To document a function parameter, start a new paragraph with the \param name command. If the parameter is used as an out or an in/out parameter, use the \param [out] name or \param [in,out] name command, respectively.

To describe function return value, start a new paragraph with the \returns command.

A minimal documentation comment:

/// Sets the xyzzy property to \p Baz.
void setXyzzy(bool Baz);

A documentation comment that uses all Doxygen features in a preferred way:

/// Does foo and bar.
///
/// Does not do foo the usual way if \p Baz is true.
///
/// Typical usage:
/// \code
///   fooBar(false, "quux", Res);
/// \endcode
///
/// \param Quux kind of foo to do.
/// \param [out] Result filled with bar sequence on foo success.
///
/// \returns true on success.
bool fooBar(bool Baz, StringRef Quux, std::vector<int> &Result);

Don’t duplicate the documentation comment in the header file and in the implementation file. Put the documentation comments for public APIs into the header file. Documentation comments for private APIs can go to the implementation file. In any case, implementation files can include additional comments (not necessarily in Doxygen markup) to explain implementation details as needed.

Don’t duplicate function or class name at the beginning of the comment. For humans it is obvious which function or class is being documented; automatic documentation processing tools are smart enough to bind the comment to the correct declaration.

Avoid:

// Example.h:

// example - Does something important.
void example();

// Example.cpp:

// example - Does something important.
void example() { ... }

Preferred:

// Example.h:

/// Does something important.
void example();

// Example.cpp:

/// Builds a B-tree in order to do foo.  See paper by...
void example() { ... }

Error and Warning Messages

Clear diagnostic messages are important to help users identify and fix issues in their inputs. Use succinct but correct English prose that gives the user the context needed to understand what went wrong. Also, to match error message styles commonly produced by other tools, start the first sentence with a lower-case letter, and finish the last sentence without a period, if it would end in one otherwise. Sentences which end with different punctuation, such as “did you forget ‘;’?”, should still do so.

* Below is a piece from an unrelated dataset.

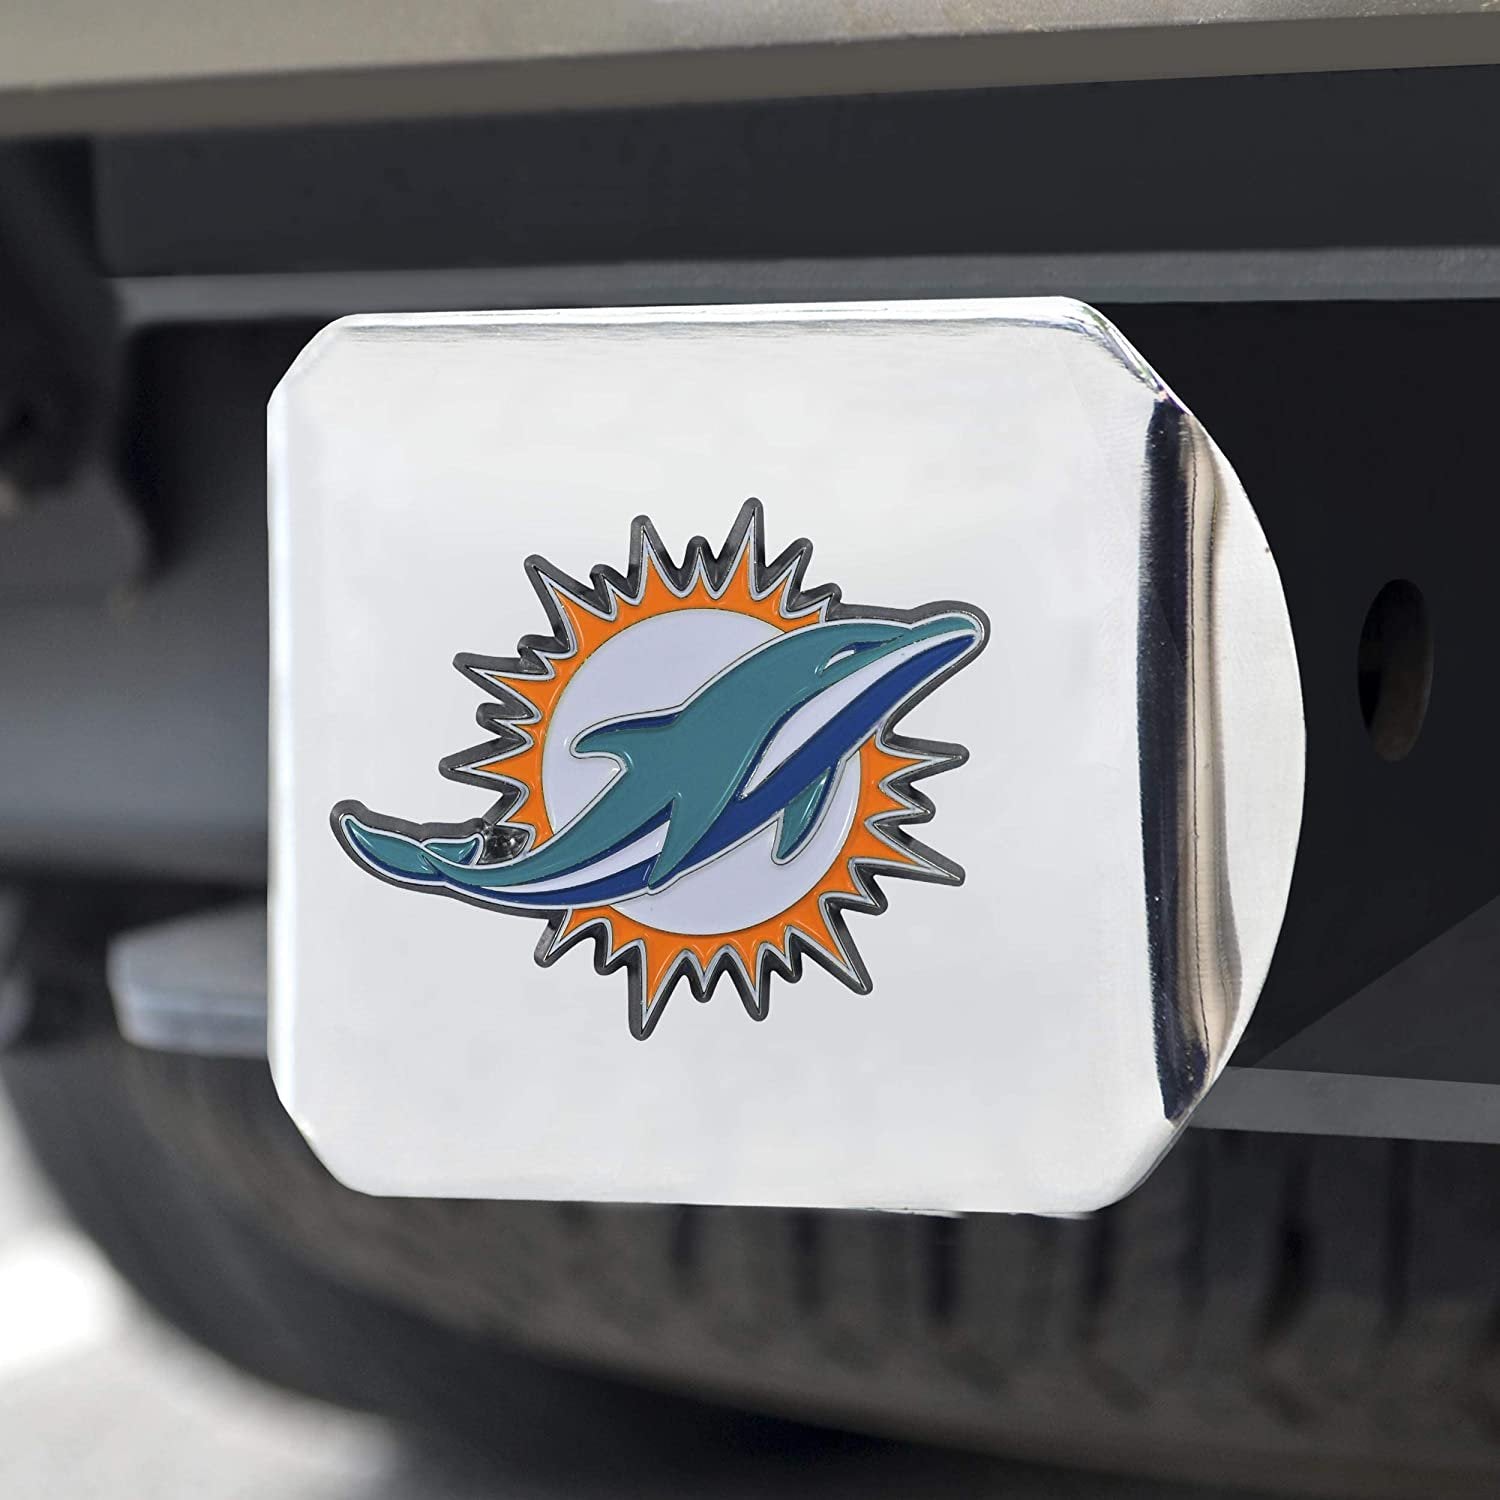 Miami Dolphins Hitch Cover Solid Metal with Raised Color Metal Emblem 2" Square Type III

For example this is a good error message:

error: file.o: section header 3 is corrupt. Size is 10 when it should be 20

This is a bad message, since it does not provide useful information and uses the wrong style:

error: file.o: Corrupt section header.

As with other coding standards, individual projects, such as the Clang Static Analyzer, may have preexisting styles that do not conform to this. If a different formatting scheme is used consistently throughout the project, use that style instead. Otherwise, this standard applies to all LLVM tools, including clang, clang-tidy, and so on.

If the tool or project does not have existing functions to emit warnings or errors, use the error and warning handlers provided in Support/WithColor.h to ensure they are printed in the appropriate style, rather than printing to stderr directly.

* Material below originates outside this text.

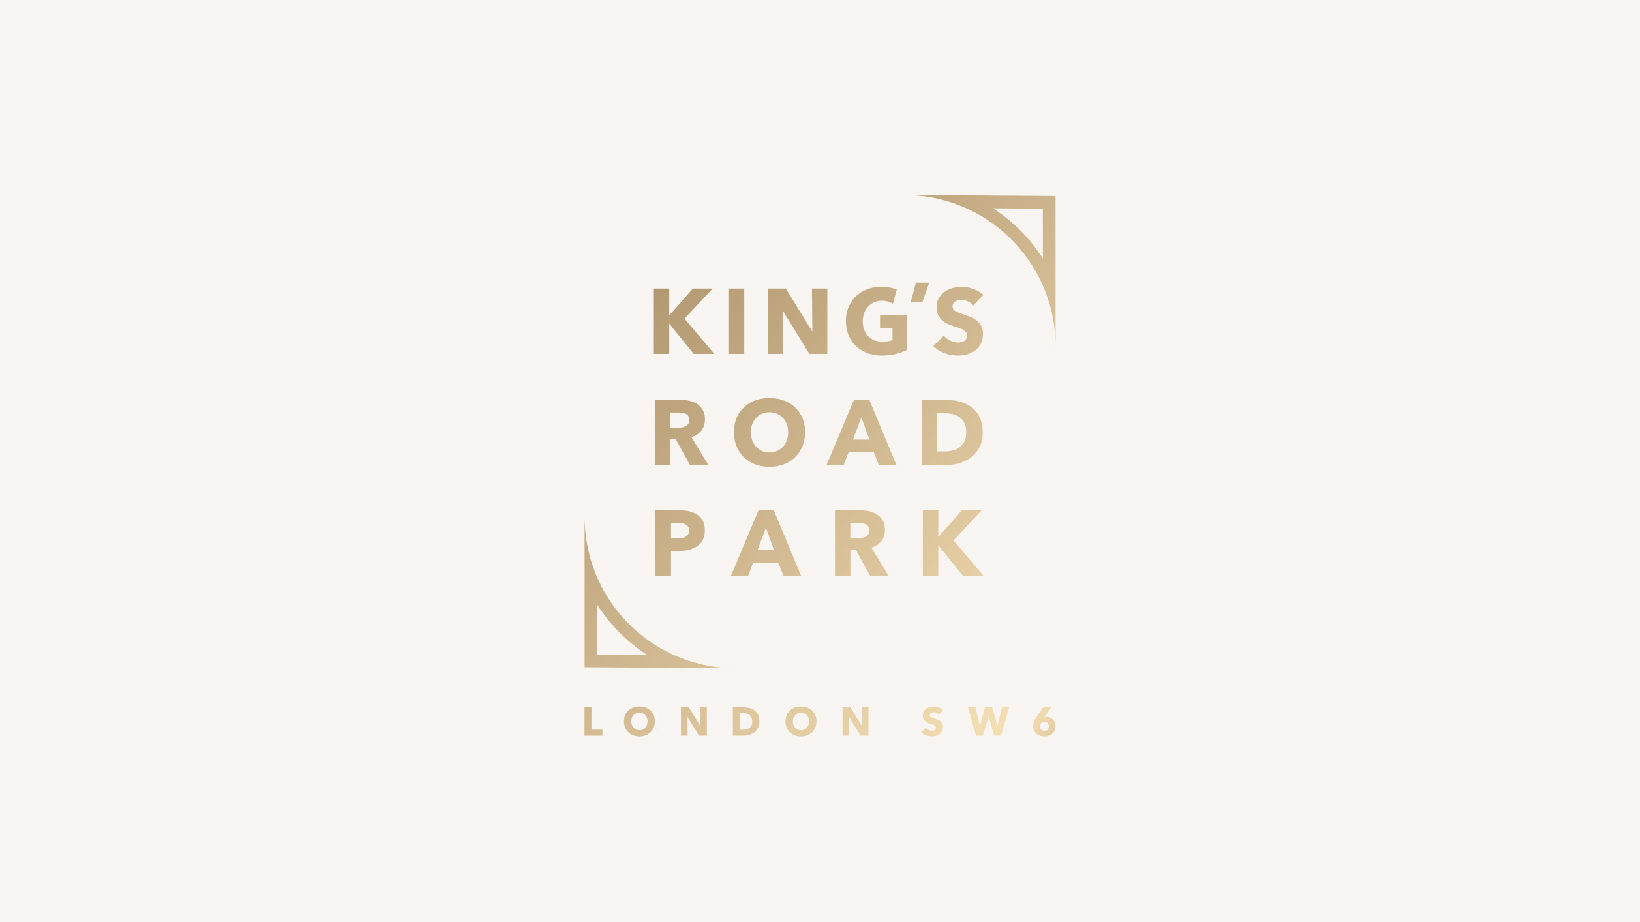 New show home now open at King's Road Park

When using report_fatal_error, follow the same standards for the message as regular error messages. Assertion messages and llvm_unreachable calls do not necessarily need to follow these same styles as they are automatically formatted, and thus these guidelines may not be suitable.

#include Style

Immediately after the header file comment (and include guards if working on a header file), the minimal list of #includes required by the file should be listed. We prefer these #includes to be listed in this order:

  1. Main Module Header
  2. Local/Private Headers
  3. LLVM project/subproject headers (clang/..., lldb/..., llvm/..., etc)
  4. System #includes

and each category should be sorted lexicographically by the full path.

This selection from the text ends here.